EXERCISE DATA: Begin

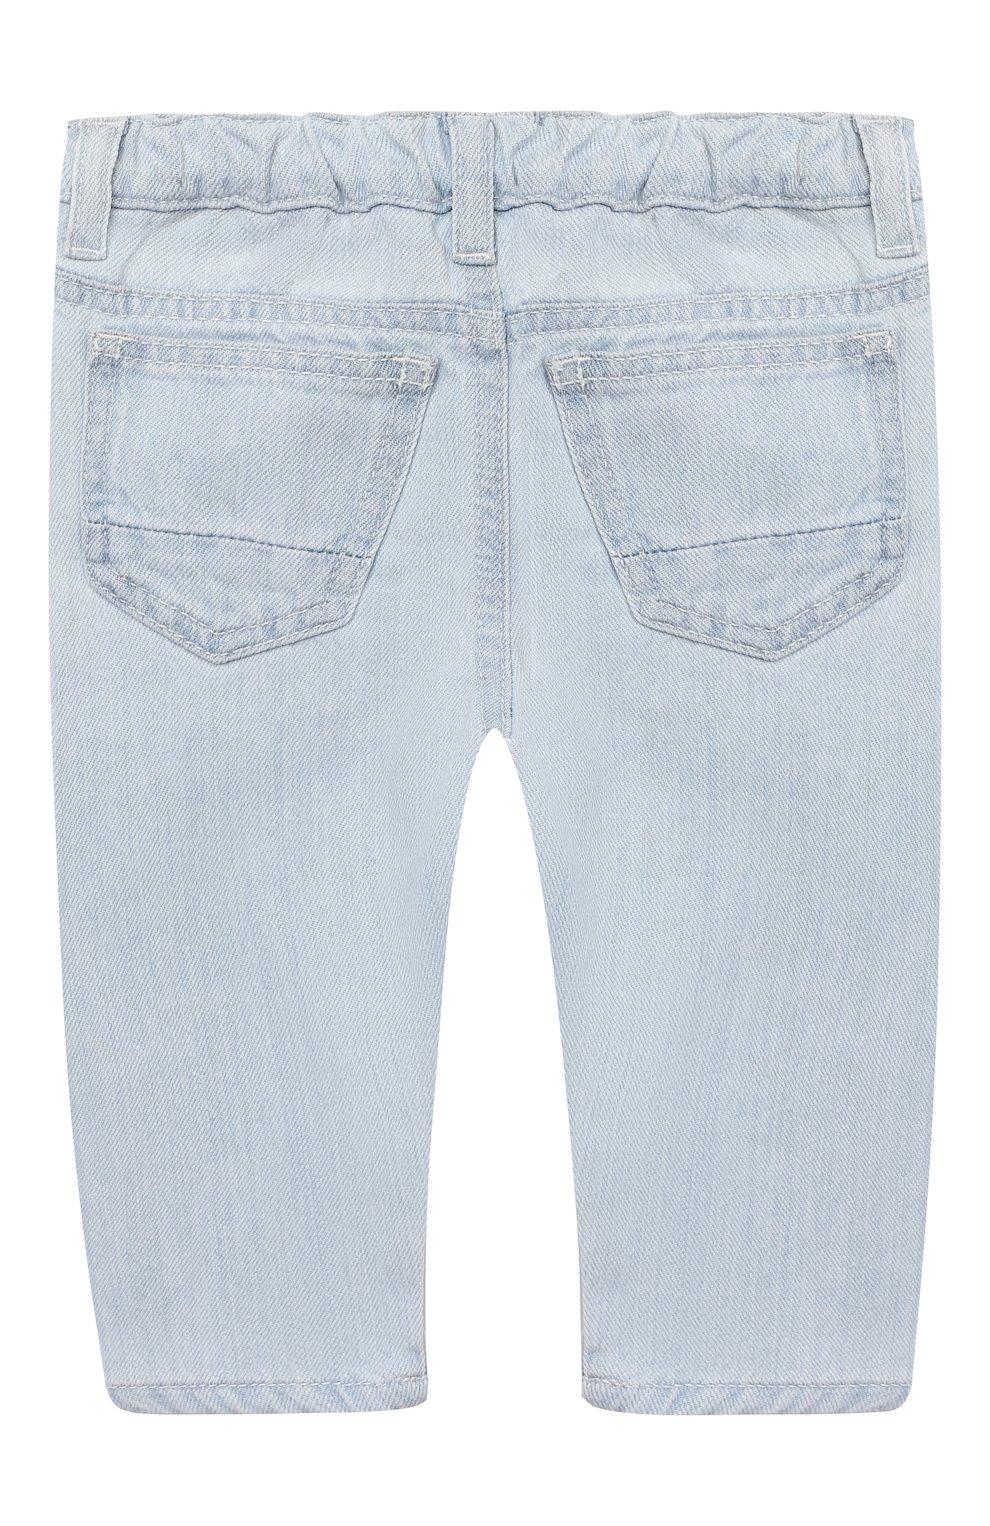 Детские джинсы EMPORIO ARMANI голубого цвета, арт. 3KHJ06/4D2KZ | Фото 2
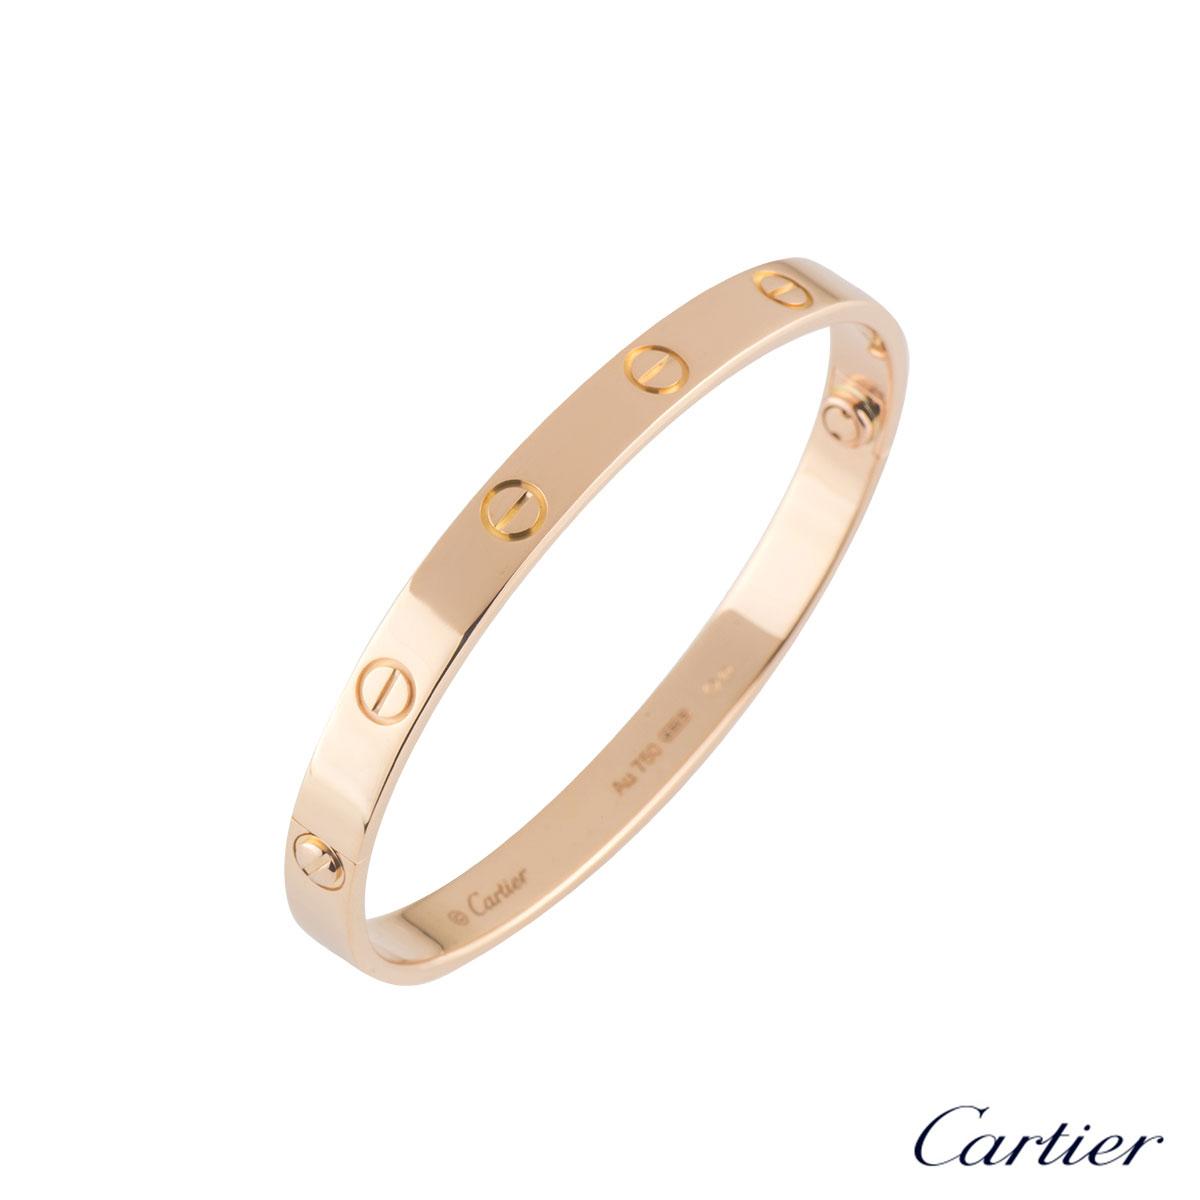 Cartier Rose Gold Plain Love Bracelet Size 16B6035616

EXERCISE DATA: End
EXERCISE DATA: Begin

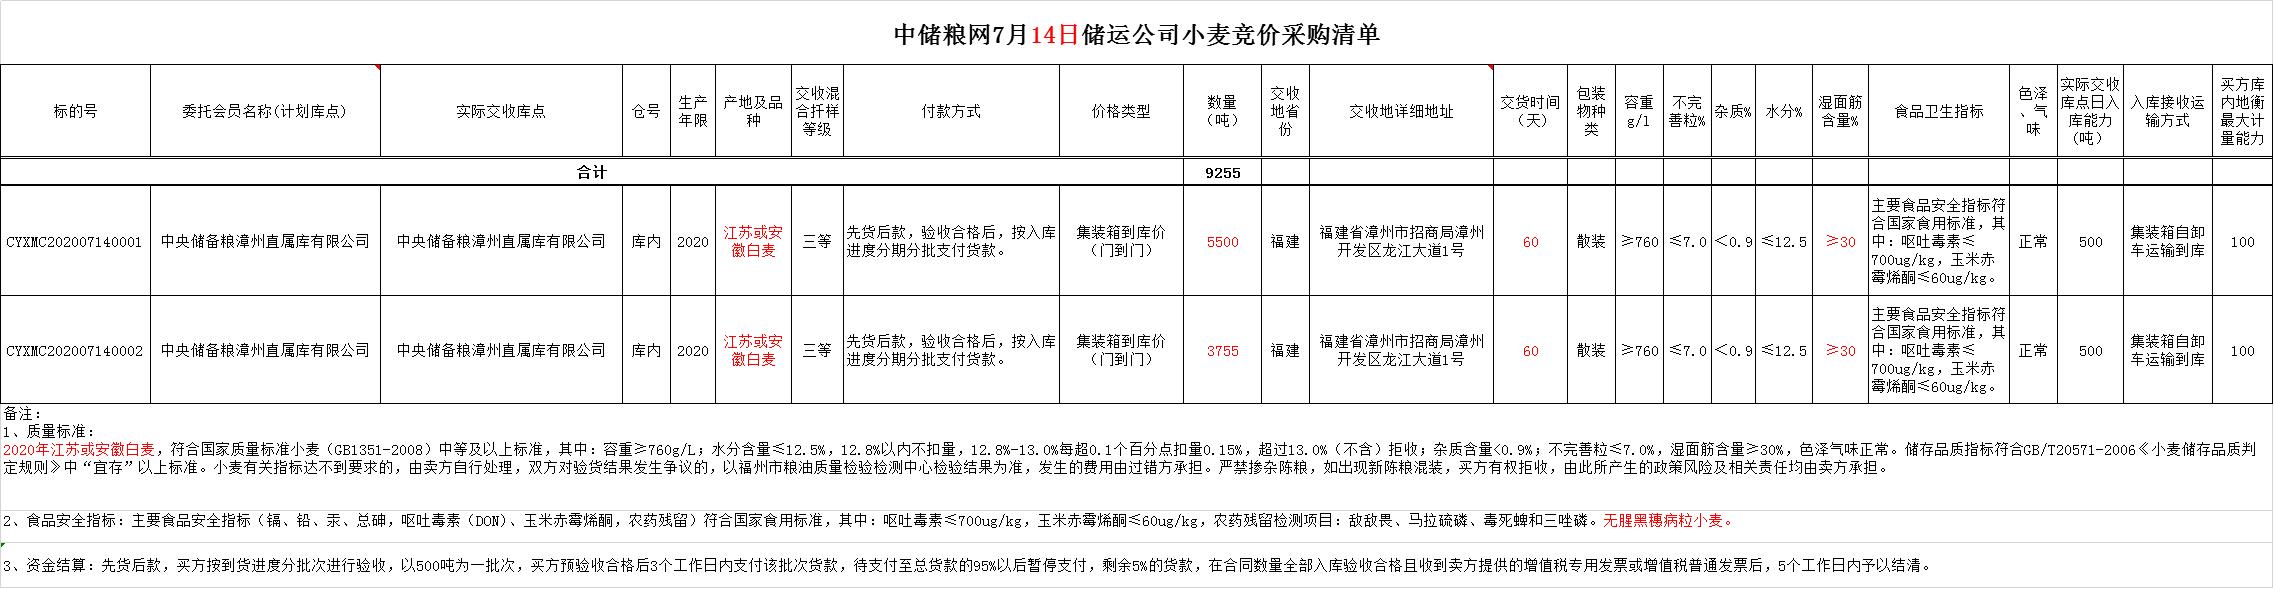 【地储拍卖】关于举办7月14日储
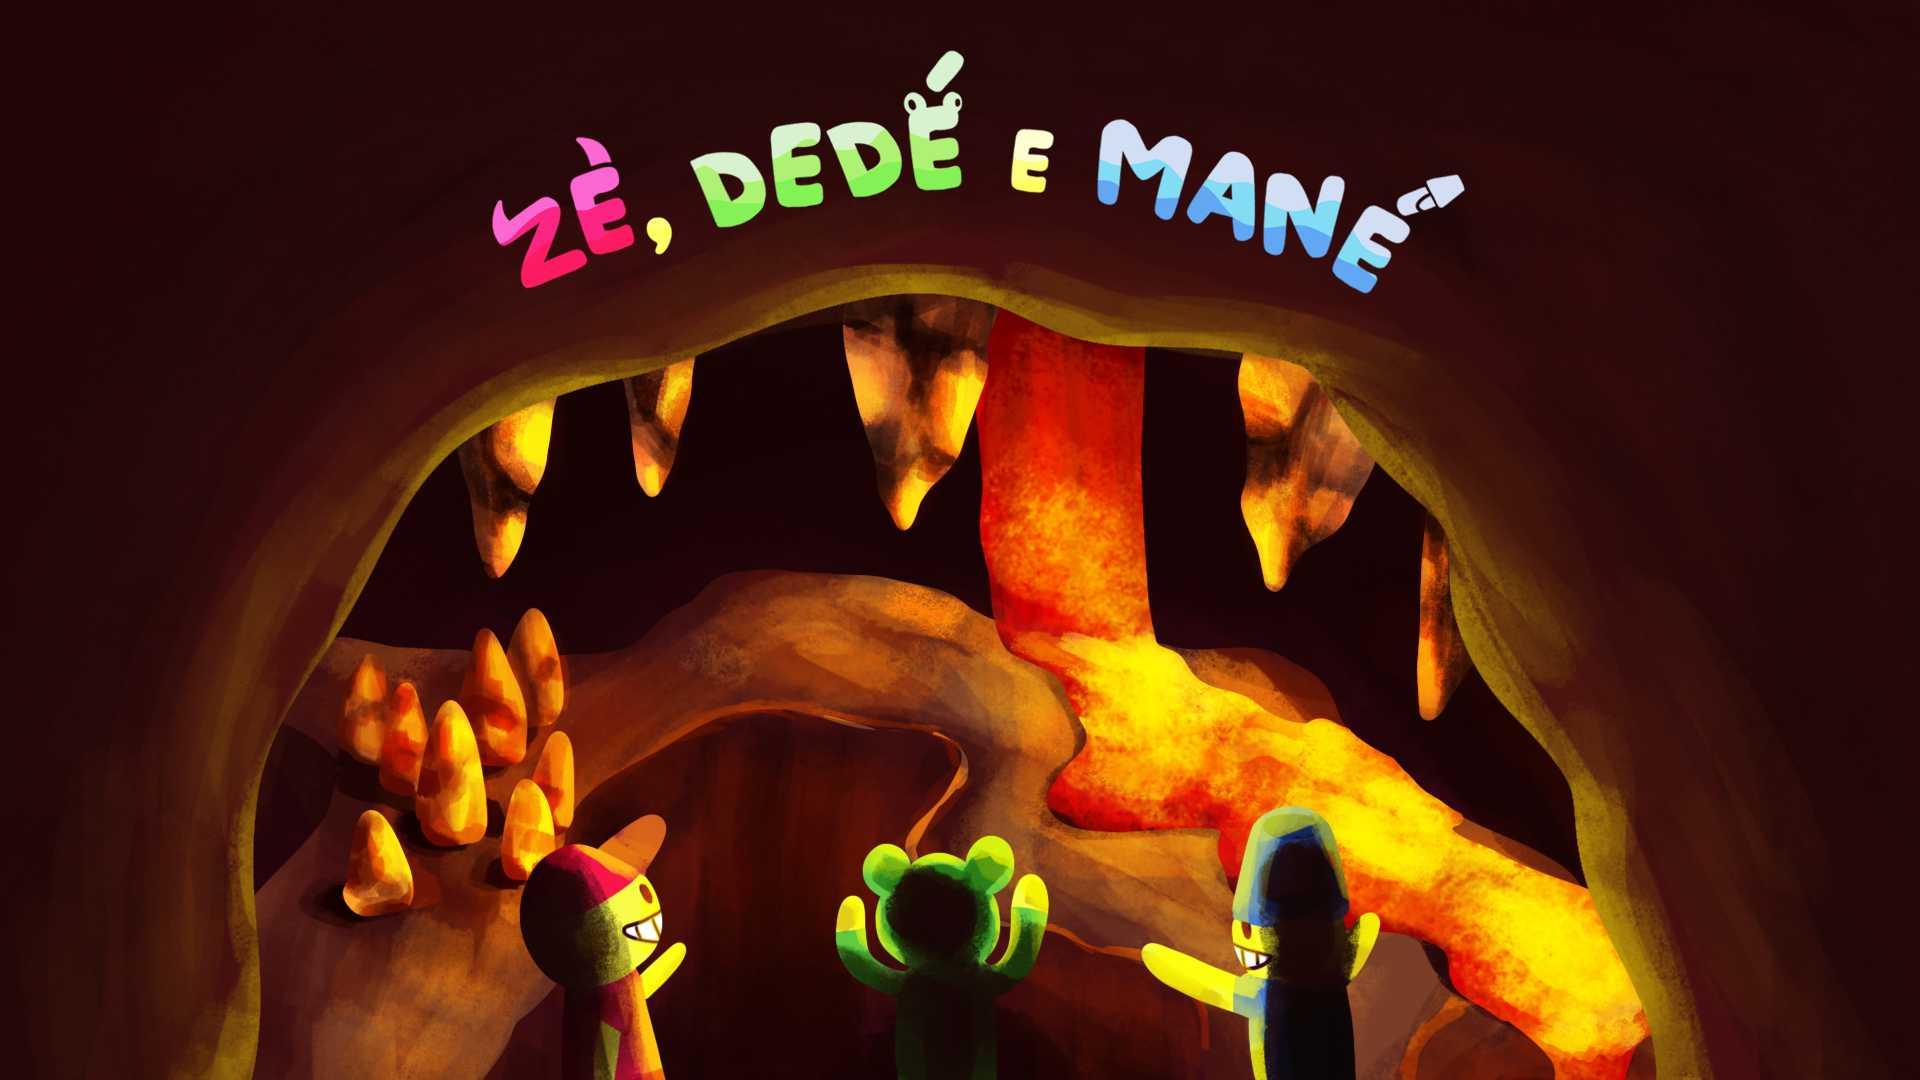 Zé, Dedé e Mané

EXERCISE DATA: End

**WHAT THE TASK ASKS:**
Could you output exactly the lines above, from the line with "Детские джинсы EMPORIO" up to and including the line with "Cartier Rose Gold", and nothing else, skipping the pictures?

**RESPONSE:**
 Детские джинсы EMPORIO ARMANI голубого цвета, арт. 3KHJ06/4D2KZ | Фото 2
 Cartier Rose Gold Plain Love Bracelet Size 16B6035616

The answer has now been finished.